Em 2010, J. R. celebrou contrato de empréstimo no valor de R$ 4.500, a serem pagos em parcelas mensais de R$ 270. Contudo, o valor era pago, sem atingir a totalidade da dívida. Ao analisar o processo, o magistrado constatou que a instituição financeira ofereceu um saque de cartão de crédito ao cliente, no qual se abatia, mensalmente, apenas o valor mínimo da fatura, impedindo a liquidação da dívida, que aumentava “vertiginosamente com o passar do tempo”.
Para Naciff Bezerra, o banco “violou os princípios da probidade e boa-fé, o que impõe a adequação do contrato em questão reconhecendo-o como contrato de mútuo com consignação em folha de pagamento, e não de saque com cartão de crédito, permitindo aplicar ao caso as diretrizes traçadas para o empréstimo consignado, em relação aos encargos pertinentes”.
Até o momento atual, J. já havia pago mais de R$ 13 mil. Na sentença, o magistrado fixou os juros remuneratórios em 2,34%, conforme Tabela do Banco Central, afastando a incidência de capitalização mensal. Com o novo cálculo, caso seja apurado que a parte autora pagou mais do que deveria, o B. deverá restituir a vítima em dobro da quantia apurada além da conta.
Modalidade perigosa
Na petição, J. alegou que sua intenção, ao contrair o empréstimo, era celebrar o crédito consignado com desconto em folha de pagamento, e não o saque de um cartão de crédito. Sobre isso, o juiz ponderou que “o banco réu faltou informar ao autor, de forma clara e específica, de que os descontos se dariam sobre o valor mínimo da fatura”.

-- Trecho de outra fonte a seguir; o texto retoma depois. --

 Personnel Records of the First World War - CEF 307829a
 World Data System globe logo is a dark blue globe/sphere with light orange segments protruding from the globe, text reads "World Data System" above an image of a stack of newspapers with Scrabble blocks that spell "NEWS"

Tal modalidade de dívida é, na ótica de Naciff Bezerra, desleal com o cliente. “É de fácil percepção a proliferação deste tipo de demanda, na qual o consumidor imagina que celebrará um contrato de empréstimo (mútuo feneratício), enquanto na verdade se cuida de um contrato atípico de cartão de crédito”.
Para embasar a sentença, o juiz destacou que o Banco Central do Brasil (Bacen), notando o grande endividamento condizente com esse tipo de operação, lançou a Circular nº 3549/11 em 2011, que equipara o cartão de crédito consignado às demais operações de consignado “para desestimular as operações de financiamento consignado no cartão com prazos longos e preservar os objetivos prudenciais da regulamentação”.
Sobre o assunto, o Código de Defesa do Consumidor (CDC) – em seu artigo 6º, inciso 3 – dispõe que é direito básico do consumidor a informação clara, adequada, com especificação correta, visando preservá-lo nos negócios jurídicos submetidos ao crivo da norma consumerista. Tal exigência também decorre de um dos deveres anexos do princípio da boa-fé objetiva, prevista no artigo 422 do Código Civil.
O magistrado elucidou que a legislação “procura adequar o princípio da livre manifestação de vontade à natureza própria da relação de consumo, no qual o consumidor encontra-se em situação de flagrante vulnerabilidade técnica, econômica e jurídica”.
A abusividade do cartão de crédito é tamanha, segundo destacou o juiz, “que houve a suspensão dos empréstimos consignados em Goiás, cuja medida fora tomada pelo Procon-GO e Secretaria de Gestão e Planejamento (SegPlan), seguindo recomendação do Ministério Público”.
Diante desse quadro, em que práticas abusivas são verificadas, “o Judiciário, valendo-se do sistema protetivo inaugurado pelo CDC, deve intervir nos contratos privados, definindo regras de equidade, com o objetivo de implantar ou restabelecer o equilíbrio nas relações das instituições financeiras com seus clientes, quando, em desvantagem exagerada destes, aquelas estejam se locupletando ilicitamente”.